De aquí se deriva también la riqueza del gesto que viviremos cuando se coloque el evangeliario abierto sobre la cabeza de los nuevos obispos, queriendo expresar con ello que, por una parte, la Palabra cubre y protege la persona y el ministerio del obispo y, por otra, que el obispo mismo debe vivir completamente sumiso, en obediencia plena, a la Palabra de Dios. De suyo, el sublime ministerio de esperanza del obispo sería poco creíble si el contacto frecuente con la Sagrada Escritura llegara a faltar; porque, como exhorta San Pablo, “con la paciencia y el consuelo que dan las escrituras mantengamos la esperanza” (Rom 15, 4).
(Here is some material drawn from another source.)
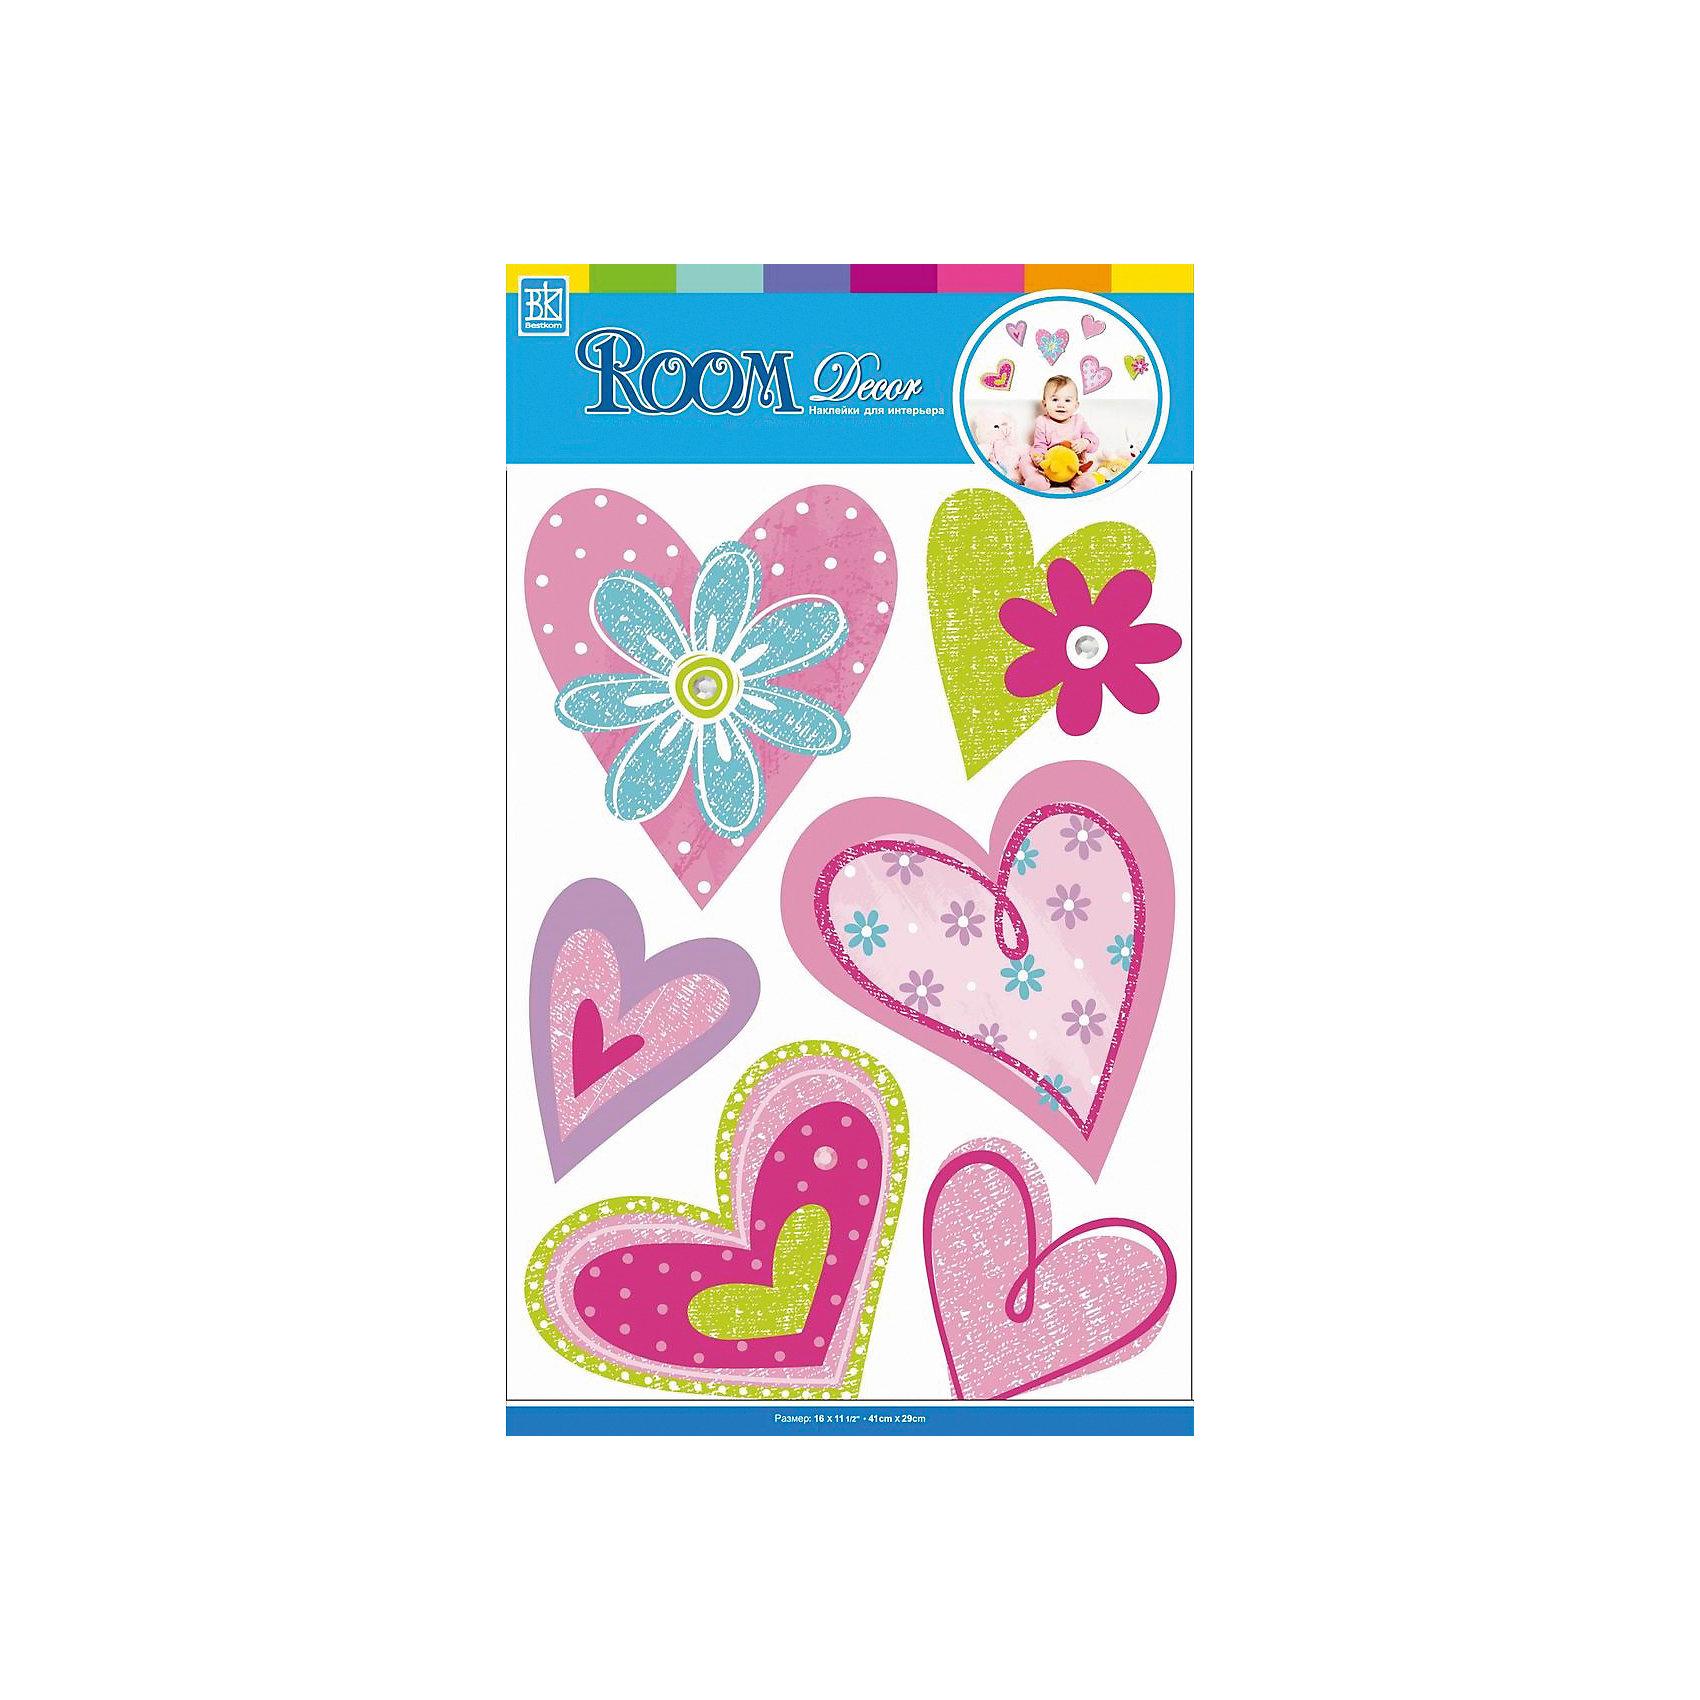 Наклейка Сердечки с цветами CBA3518, Room DecorПредметы интерьера<br>Характеристики:<br><br>• Предназначение: декор комнаты<br>• Серия: Романтика<br>• Тематика наклеек: сердечки, цветы<br>• Материал: картон, ПВХ<br>• Комплектация: 6 элементов<br>• Декоративные элементы: блестки<br>• Форма: 3d<br>• Многослойные<br>• Клейкая поверхность крепится на окрашенные стены, обои, двери, деревянные панели, стекло<br>• Не повреждают поверхность<br>• Устойчивы к выцветанию и истиранию<br>• Размеры (Д*Ш*В): 29*7*41 см<br>• Вес: 40 г<br>• Упаковка: блистер<br><br>Все наклейки выполнены из безопасного и нетоксичного материала – ПВХ. Прочная клеевая основа обеспечивает надежное прикрепление практически к любому виду горизонтальной или вертикальной поверхности, при этом не деформируя и не повреждая ее. Наклейки обладают влагоустойчивыми свойствами, поэтому они хорошо переносят влажную уборку. <br><br>Наклейка Сердечки с цветами CBA3518, Room Decor состоит сердечек разного размера и оттенков, декорированных блестками и цветами. <br><br>Наклейку Сердечки с цветами CBA3518, Room Decor можно купить в нашем интернет-магазине.<br><br>Ширина мм: 290<br>Глубина мм: 70<br>Высота мм: 410<br>Вес г: 40<br>Возраст от месяцев: 36<br>Возраст до месяцев: 168<br>Пол: Женский<br>Возраст: Детский<br>SKU: 5512976

Anunciar y mantener viva la esperanza: ¡cuánto es hoy necesario! Y a ello está precisamente llamado el obispo: a ser, a partir de la experiencia del Evangelio, profeta, testigo y servidor de esa esperanza, particularmente ahí donde más fuerte es la presión de la cultura inmanentista e individualista que tiende a marginar toda apertura a la trascendencia. De esa esperanza que “toma su fuerza de la certeza de la voluntad salvadora universal de Dios, y de la presencia constante del Señor Jesús” (Cfr.P.G.3; 4).
La Iglesia, queridos hermanos, ante todo en la persona de sus obispos es deudora de esta profecía de esperanza a un mundo angustiado por los problemas del sinsentido de la vida. Es deudora de esta profecía para el hombre que se siente derrotado por el mal y por la muerte; a un hombre al que falta la esperanza y que vive en la oscuridad, porque ha preferido dejarse llevar solo por los deseos. “Un mundo sin Dios es un mundo sin esperanza” (S.S. 44), y cuando se pierde la esperanza, el hombre se precipita en el sinsentido, cava su propia tumba, vive sin vivir verdaderamente.
Qué gran reto para el obispo del hoy: anunciar y llenar las mentes y los corazones, los ambientes y las culturas del hombre de la esperanza que no defrauda. Ser profetas de esperanza, -decían los Padres Sinodales-, sin “dejarnos intimidar por las diversas formas de negación del Dios vivo que, con mayor o menor autosuficiencia buscan minar la esperanza cristiana, parodiarla o ridiculizarla”.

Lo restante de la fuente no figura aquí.